Any new construction in the downtown flood zone would have to be built above the 100-year floodplain elevation. Smith said that would involve only about a four-foot increase in elevation.
“If you can visualize the [Marlinton Railroad] Depot, the platform of the Depot and the floor of the Depot, which we just recently rebuilt, it is above the 100-year floodplain,” he said. “So, if you can visualize that – we’re not talking eight or 10 feet up in the air, which would be sort of awkward looking. It only has to be raised about four feet on Main Street in some areas. The elevation changes, but it’s not a massive raising.”
Smith said insurance companies are responsible for debris removal and that he gave them a deadline of two weeks to start clearing the lots. The Mayor said asbestos testing would have to be done.
“I’ve been in contact with the [Pocahontas County] Solid Waste Authority,” he said. “They will take the debris up there, but we have to have it tested for asbestos. If there’s asbestos in it, they cannot accept it at our landfill, which means we’d have to go to a hazardous waste landfill, or someplace where it does not have runoff into the river or Knapps Creek.”
West Virginia Code Section 16-15 declares the intent for housing authorities as, “engage in low and moderate cost housing development and slum clearance projects.” To that end, the law gives authorities broad powers, including the power to purchase and sell real estate, borrow and lend money, and exercise eminent domain.
The law provides that housing authorities may “participate in cooperative arrangements with persons and for-profit entities whose purpose is solely that of pecuniary gain, as well as with non-profit entities and persons who seek no pecuniary gain.” In addition, authorities may participate as a general or limited partner, coventurer, shareholder, principal, investor, lender, guarantor and contracting party.

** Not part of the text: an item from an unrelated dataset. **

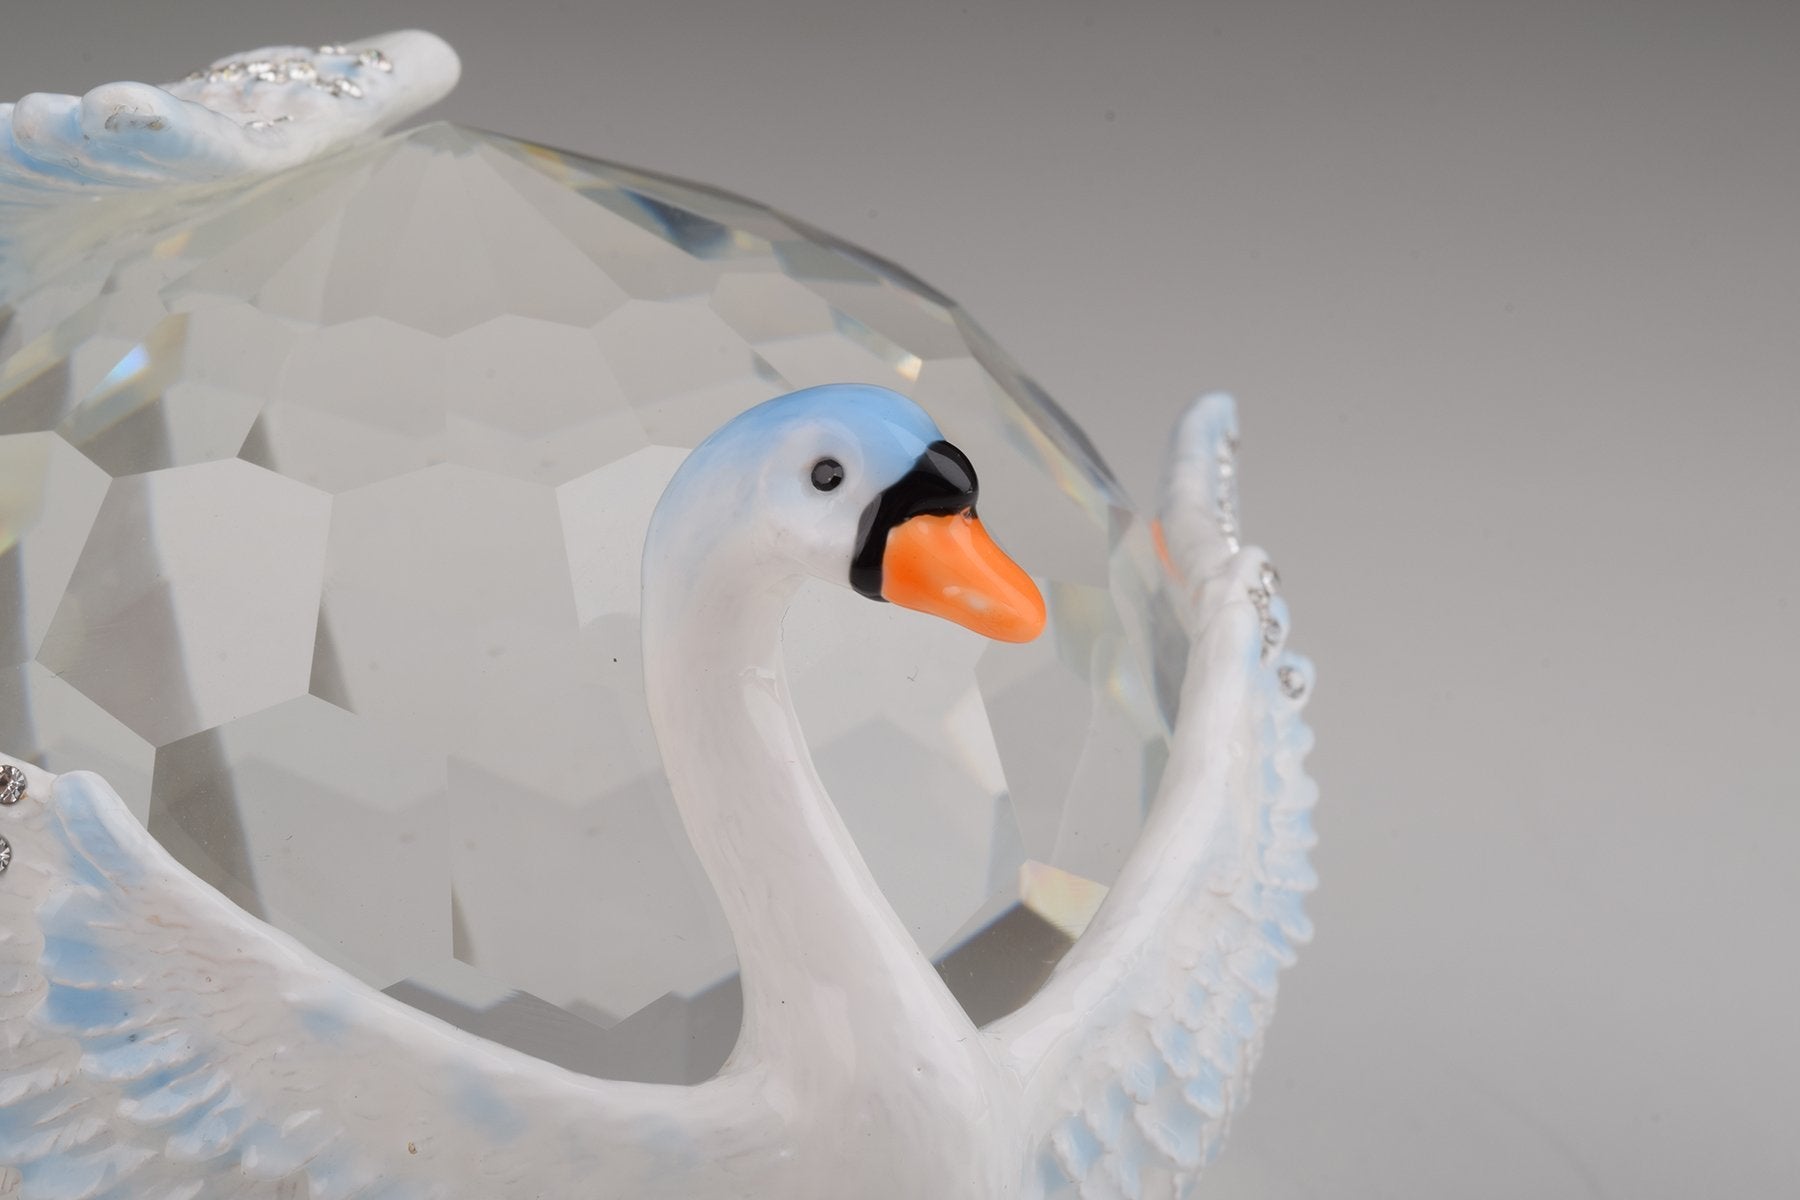 Keren Kopal Two White Swans on Crystal Ball trinket box 141.50

Burns said he does not contemplate the Authority acquiring fire-affected properties.
“I wouldn’t even consider that now, until we sit down with those property owners and see what their plans are,” he said. “That’s their property, we have no jurisdiction, but we can work with them to get them enticed to stay there and rebuild – and that’s our goal.”
Snyder agreed.
“I’m big on property rights,” he said. “I hope that the property owners are committed to bringing this back, the way it needs to come back,” he said. “I feel that my role is just to help them.”
Burns said agreements would be made for any public assistance provided.
“Say we got a $1 million grant and we put $1 million back into that block, helping these people rebuild back, exactly like it was,” he said. “Then, there has to be some commitment that they’re going to be there and if they are to sell it, to refund the money back to us. But these are things that are clear out in left field right now. We can’t do anything until we sit at this table with those property owners and see what their goal is and what their plans are, and then we can implement our goals.”
Dunbrack echoed the sentiment of many Marlinton residents.
“That fire was just another nail in Marlinton’s coffin,” he said. “I’d hate to see that turned into a parking lot.”
“We can’t let that happen,” replied Burns.
The Housing Authority plans to meet with the three owners of the buildings destroyed by Sunday’s fire to determine their needs and desires. No dates have been set for those meetings.